Кем ты, Николас, стал, и хотел ли быть кем-то. Когда-то.

— Очередная неудача, — говорит врач. — Впрочем, показатели переносимости внушают надежду. Молодец.

Перед глазами все плывет от боли. Боли — и злости. Врачи вставляют в зубы тряпку, чтобы ты не кричал, не прикусил язык и не умер, не свел их труды на нет так, как сами они сводят в могилу детей. Что-то невероятно большое, рвущее кожу змеится отчаянием внутри.

Похвала от врачей заслуживалась другими детьми, их тихими жертвами, но Николас никогда не знал, кто был до него.
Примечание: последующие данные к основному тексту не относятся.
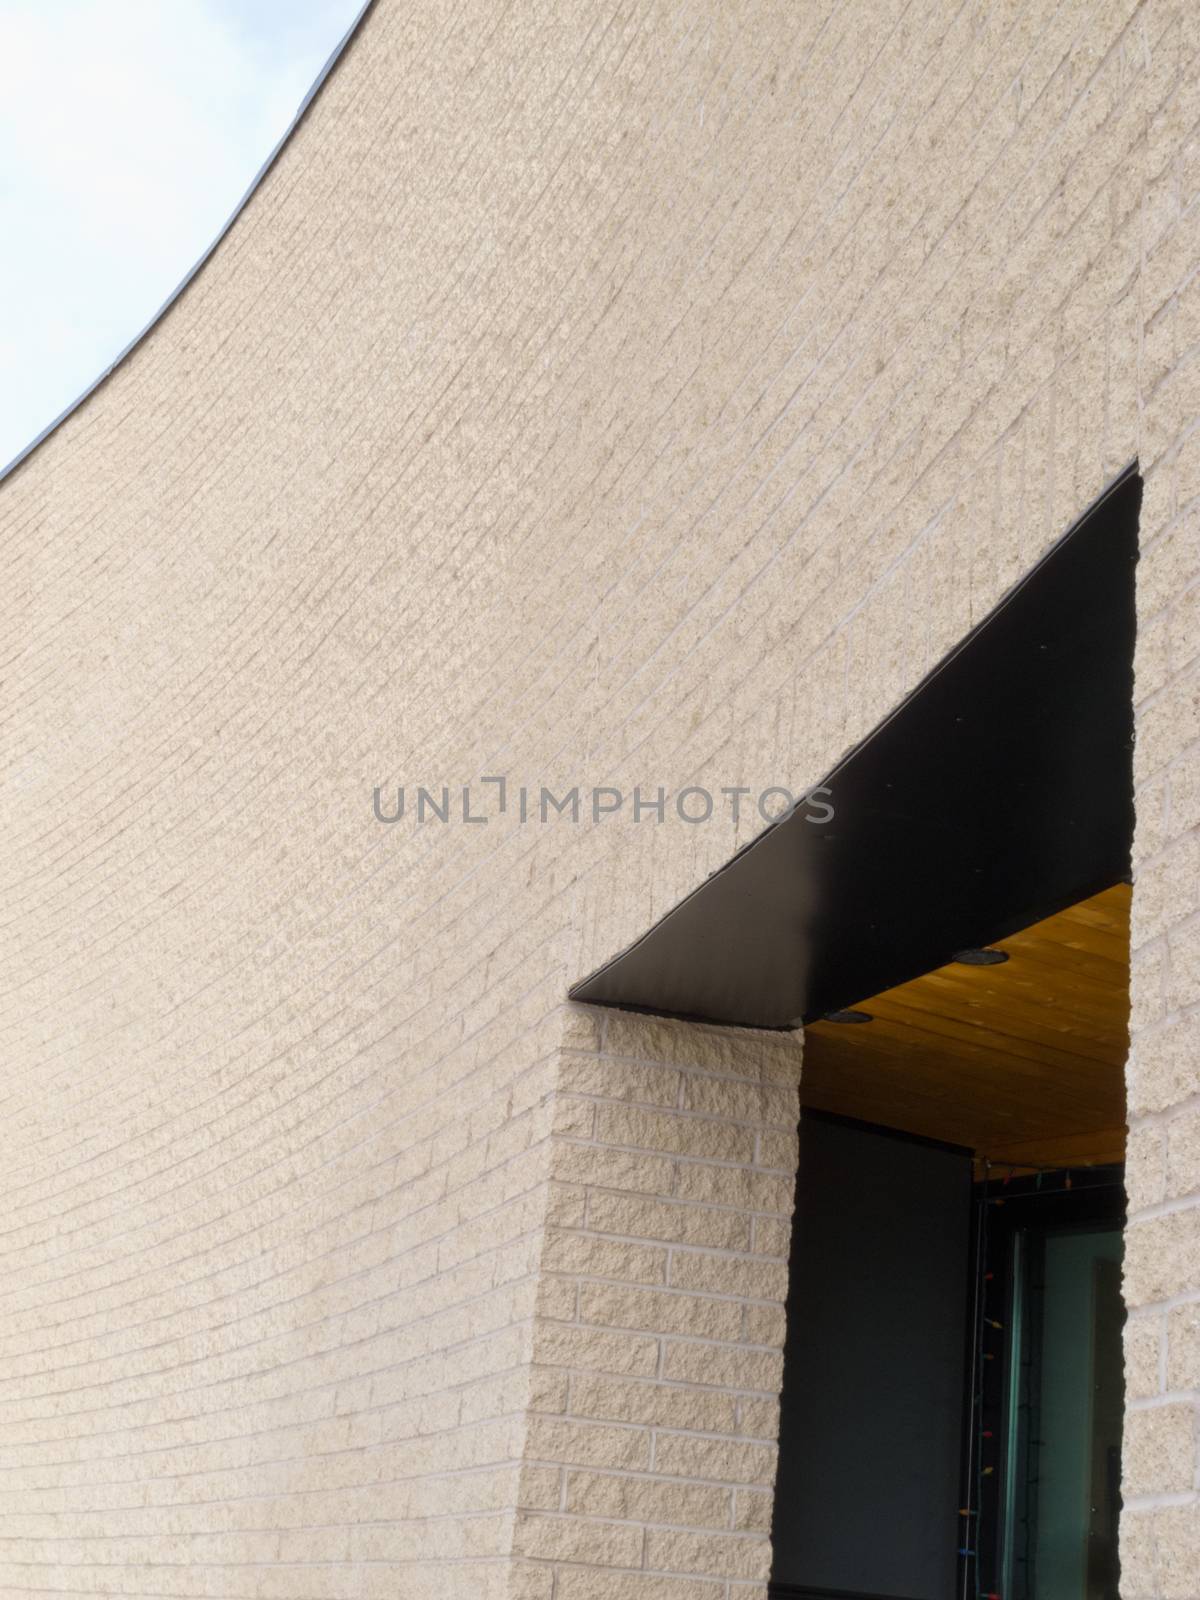 Empty curved masonry exterior wall and entrance opening building architecture
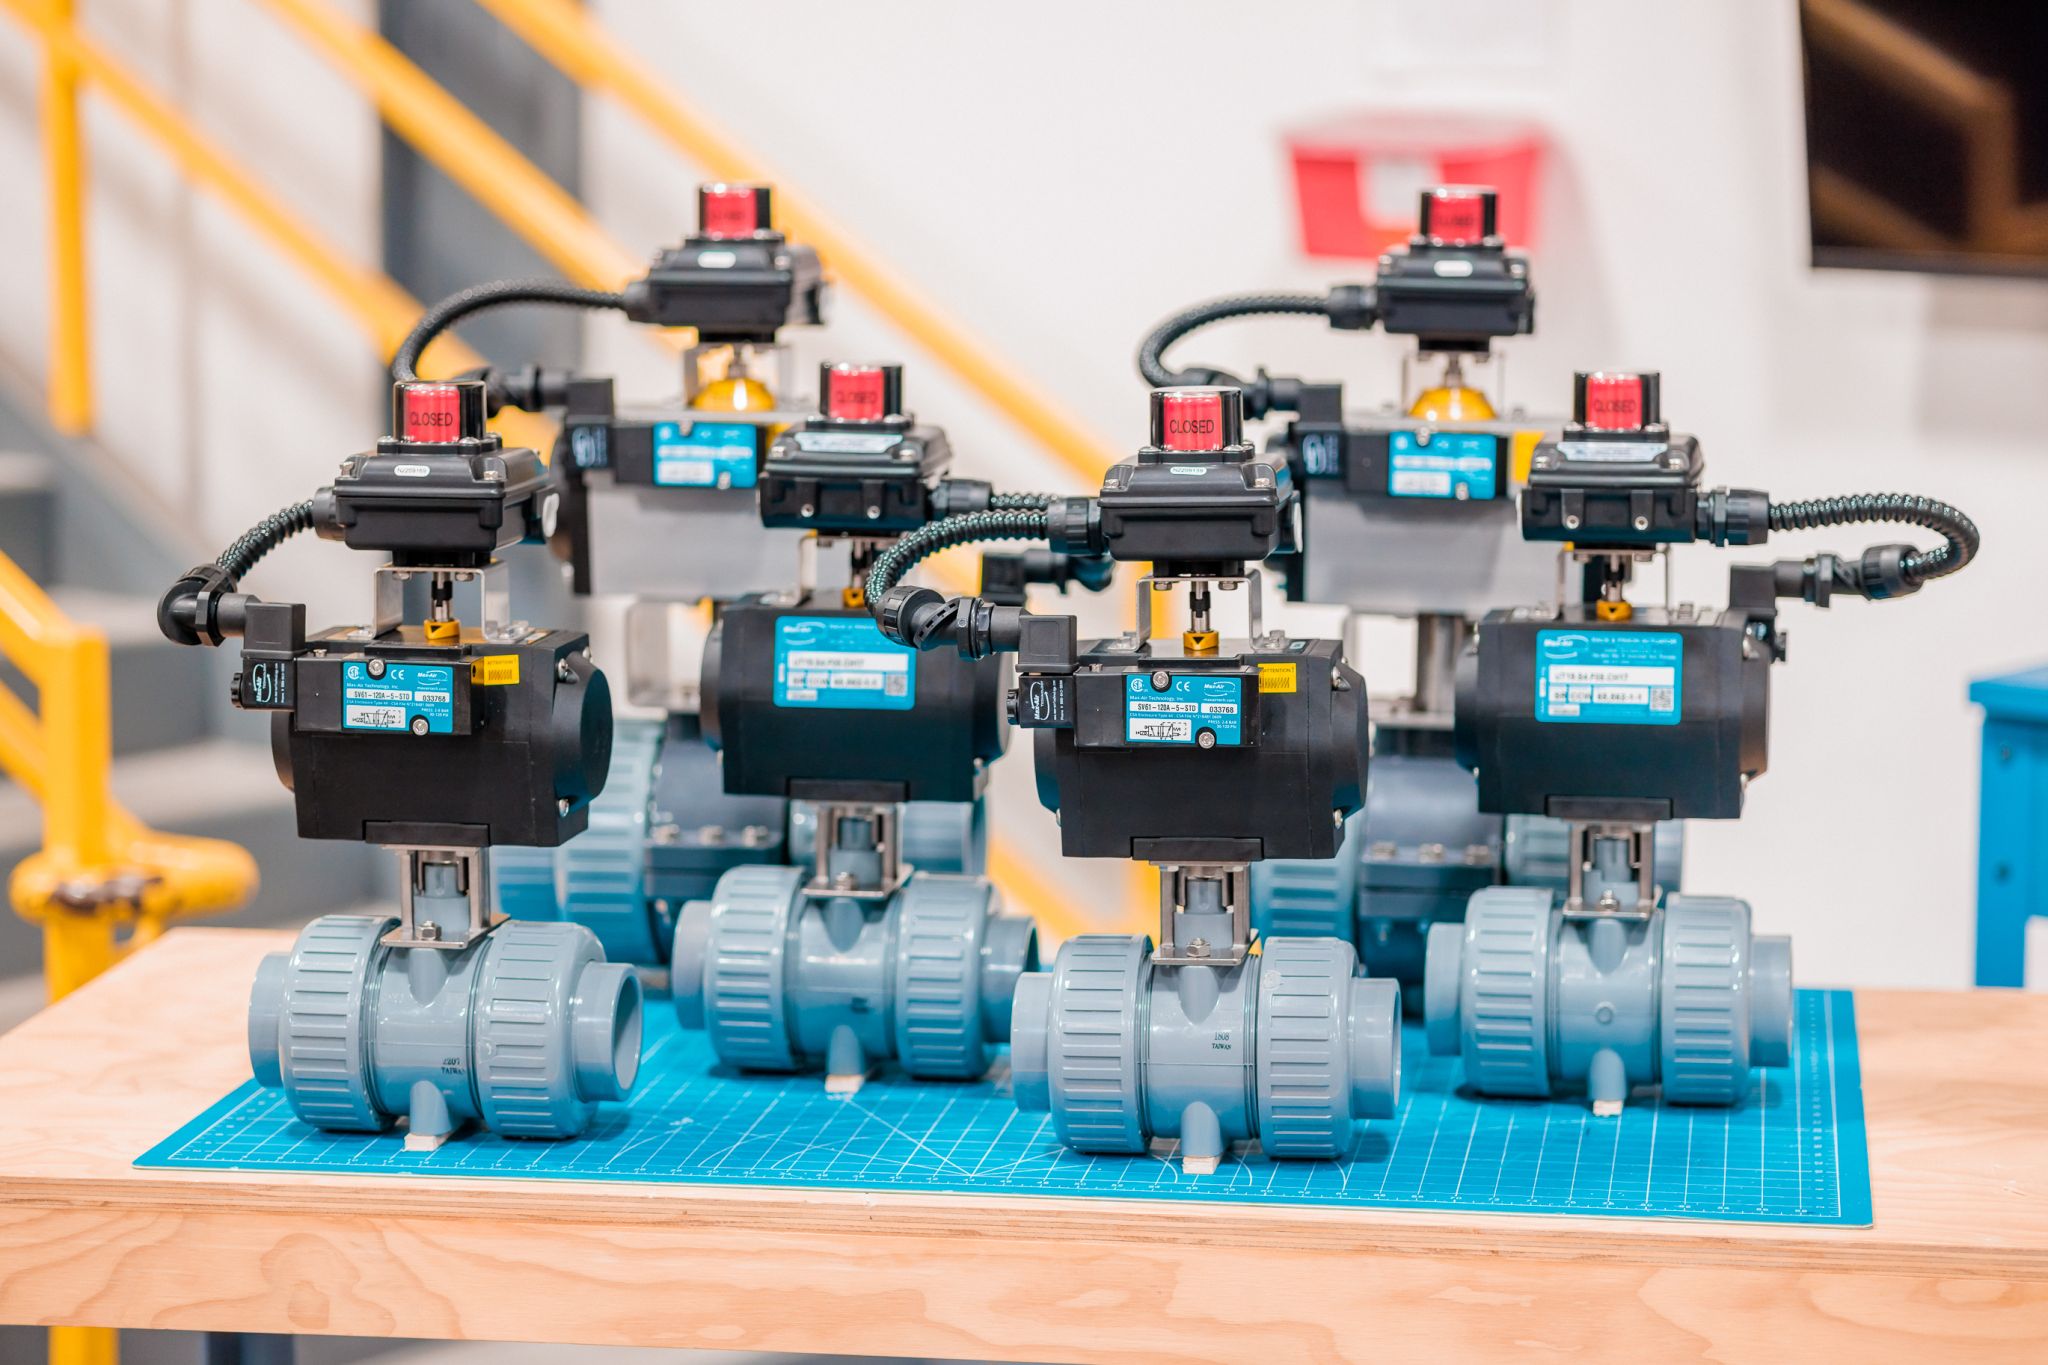 Plastic Ball Valves w/ Solenoid, Limit Switch Boxes, Termination, & Actuators in Both Aluminum and Technopolymer

Дети были только в криках, эхом гулящих по темным коридорам. Обезличенные, они ореолами из пота и крови сопровождали его даже на операционном столе.

Их след в истории — почти грязь. Ничего не значащая, она станет испытанием для таких, как ты, Николас.

Его тело поет-резонирует, разбитое о стены каменной клетки, кровь гудит в ушах, и мир взрывается перед глазами, в черепной коробке. Мир такой шумный и отвратительно яркий, что Ливио в нем просто не место, но врач держит руки на его прямых плечах, треплет волосы, развивая мечты о том, что Ливио — просто горячечный мираж.

Николас кричит, а Ливио просто…

Просто.

Так они поступали. Сначала врачи говорили: мы сделаем вас лучше, лучшими людьми. Вам не будут страшны болезни или жажда, и вы никогда не умрете от голода, в нищете.

— Мы хотим дать людям будущее, Нико, — повторяли они, почти ласково вводя сыворотку, называя пытки причастием, отпевая молитвы Богу, который никогда до них не снизойдет.

Но дети не могли быть людьми. Даже простыми, не претендующими на крепкие кости, здоровье, хоть какую-то жизнь. Дети могли быть — материал, неудобная необходимость. Дети, говорили врачи, достаточно крепки психически, а взрослые, взрослые после — редко выдерживают, ты же умный мальчик, Николас, и все понимаешь.

А ты правда — учишься понимать. Выживать, грубеть к тому, что еще недавно рождало в тебе вспышки, и так холодно, так холодно становится внутри — солнце покидает твое тело.

Луны яркие и глупые, растрачивают бестолковый свет на создание миражей — луны превращают песчинки в бриллианты. Они в обуви, в волосах, во рту — Николас стреляет в предателя их церкви, их идей.

Парализованный, ты принимаешь игру, принимаешь ее — за стихию: как песок сохраняет энергию солнца, чтобы вечером отдать ее зноем, ветрами поддерживать в тебе жизнь, так угрозы убить удерживают тебя от сопротивления и любой злости, рождающей пронзительный свободный звук. Рот открывается, лишенный слов, и ты тянешь сигаретный дым, чтобы не выглядеть глупо — марионетки только копируют речь.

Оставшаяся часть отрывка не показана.